Selain itu, Indonesia alami deflasi dua kali pada Agustus dan September.Deflasi tercatat masing-masing 0,05 persen dan 0,18 persen. Tingkat inflasi tahunan kalender Januari hingga September sebesar 1,94 persen. Sementara jika, September 2017-September 2018 mencapai 2,88 persen.

“Hal itu jadi pertimbangan BI untuk pertahankan suku bunga acuan 5,75 persen,” kata Josua saat dihubungi Liputan6.com.

Meski demikian, faktor risiko global juga diwaspadai oleh BI. Faktor global tersebut mulai dari perang dagang hingga rencana bank sentral AS atau the Federal Reserve untuk kembali menaikkan suku bunga acuan.

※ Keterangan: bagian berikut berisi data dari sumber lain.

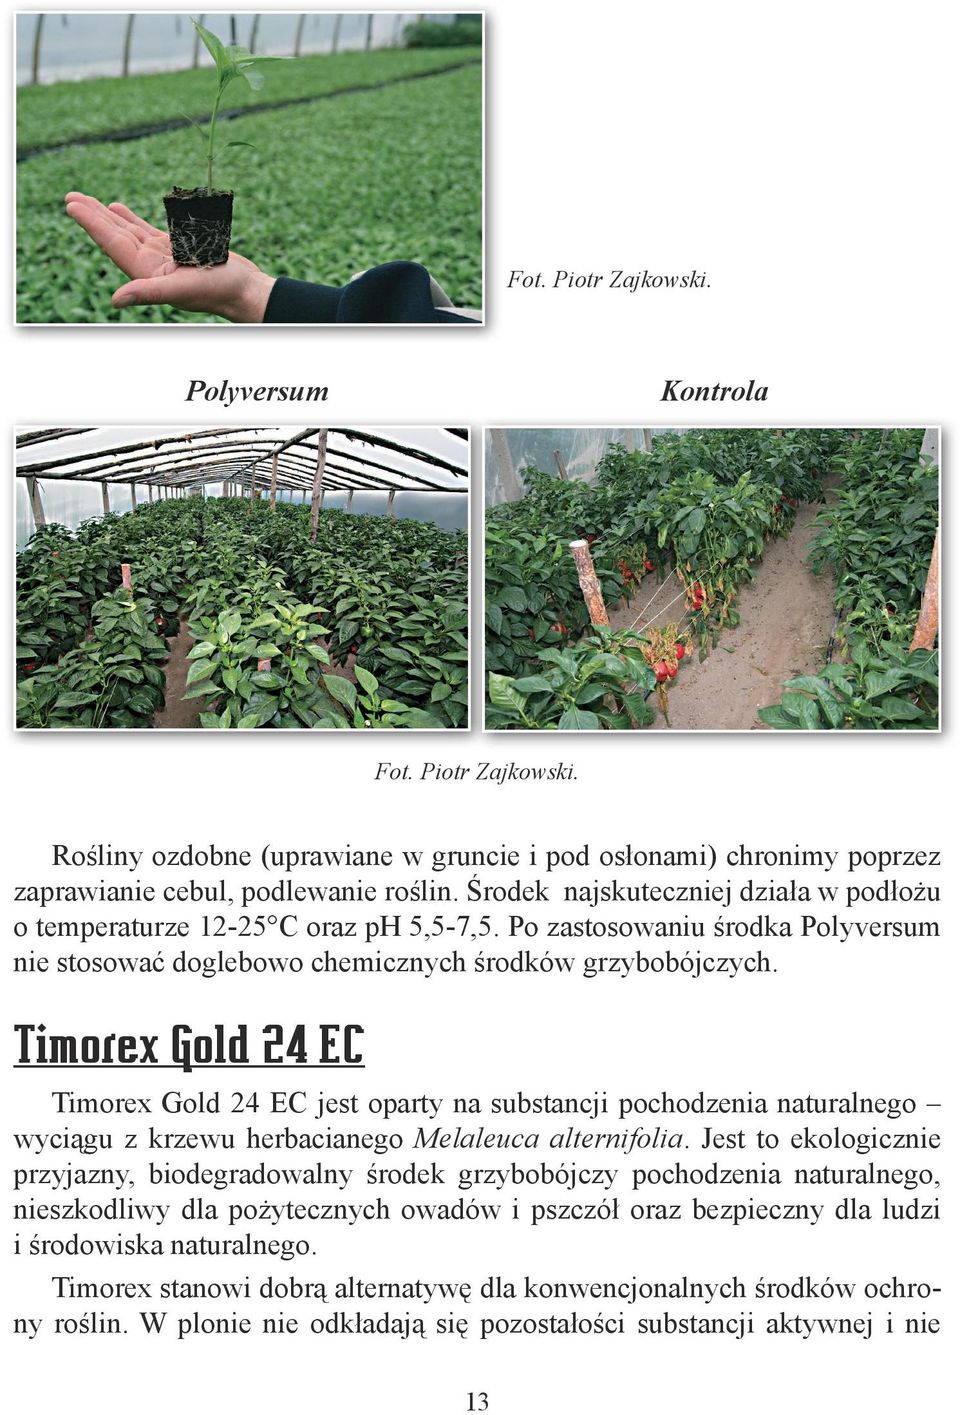 Timorex Gold 24 EC Timorex Gold 24 EC jest oparty na substancji pochodzenia naturalnego wyciągu z krzewu herbacianego Melaleuca alternifolia.

Josua menuturkan, BI akan menaikkan lagi suku bunga acuan pada November 2018.”Kenaikan satu kali lagi suku bunga mengantisipasi kenaikan bunga the Fed pada Desember,” kata dia.

Josua menilai, momen yang tepat untuk menaikkan suku bunga acuan pada November 2018. Dengan pertimbangkan kondisi pasar. Selain itu, melihat bagaimana dampak kenaikan suku bunga acuan 1,5 persen untuk menekan defisit transaksi berjalan dan pengumuman Gross Domestic Product (GDP) kuartal III.